Non-Hermitian Photonics based on Charge-Parity Symmetry

Parity-time ($\mathcal{PT}$) symmetry, originally conceived for non-Hermitian open quantum systems, has opened an excitingly new avenue for the coherent control of light. By tailoring optical gain and loss in integrated photonic structures, $\mathcal{PT}$ symmetric non-Hermitian photonics has found applications in many fields ranging from single mode lasing to novel topological matters. Here we propose a new paradigm towards non-Hermitian photonics based on the charge-parity ($\mathcal{CP}$) symmetry that has the potential to control the flow of light in an unprecedented way.

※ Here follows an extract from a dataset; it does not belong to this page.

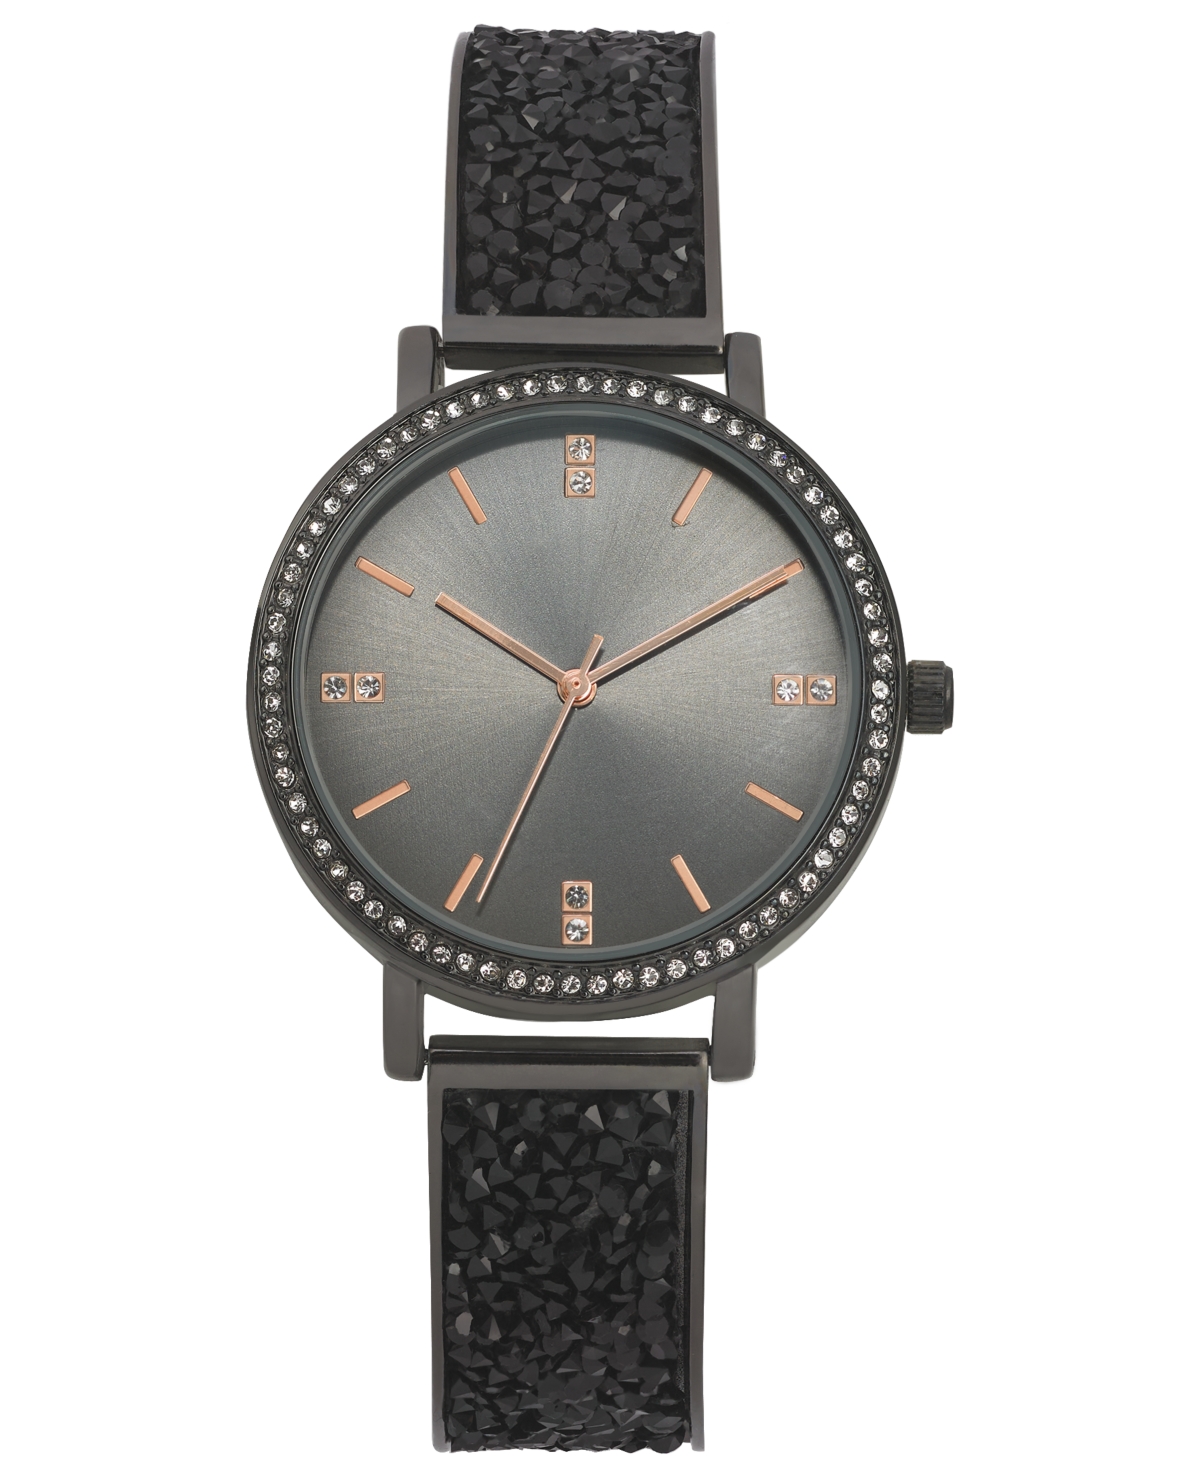 Women's Druzy Stone Black-Tone Bracelet Watch 36mm, Created for Macy's - Black

In particular, we consider continuous dielectric chiral materials, where the charge conjugation and parity symmetries are broken individually, but preserved jointly. Surprisingly, the phase transition between real and imaginary spectra across the exceptional point is accompanied by a dramatic change of the photonic band topology from dielectric to hyperbolic. We showcase broad applications of $\mathcal{CP}$ symmetric photonics such as all-angle polarization-dependent negative refraction materials, enhanced spontaneous emission for laser engineering, and non-Hermitian topological photonics. The $\mathcal{CP}$ symmetry opens an unexplored pathway for studying non-Hermitian photonics without optical gain/loss by connecting two previously distinct material properties: chirality and hyperbolicity, therefore providing a powerful tool for engineering many promising applications in photonics and other related fields.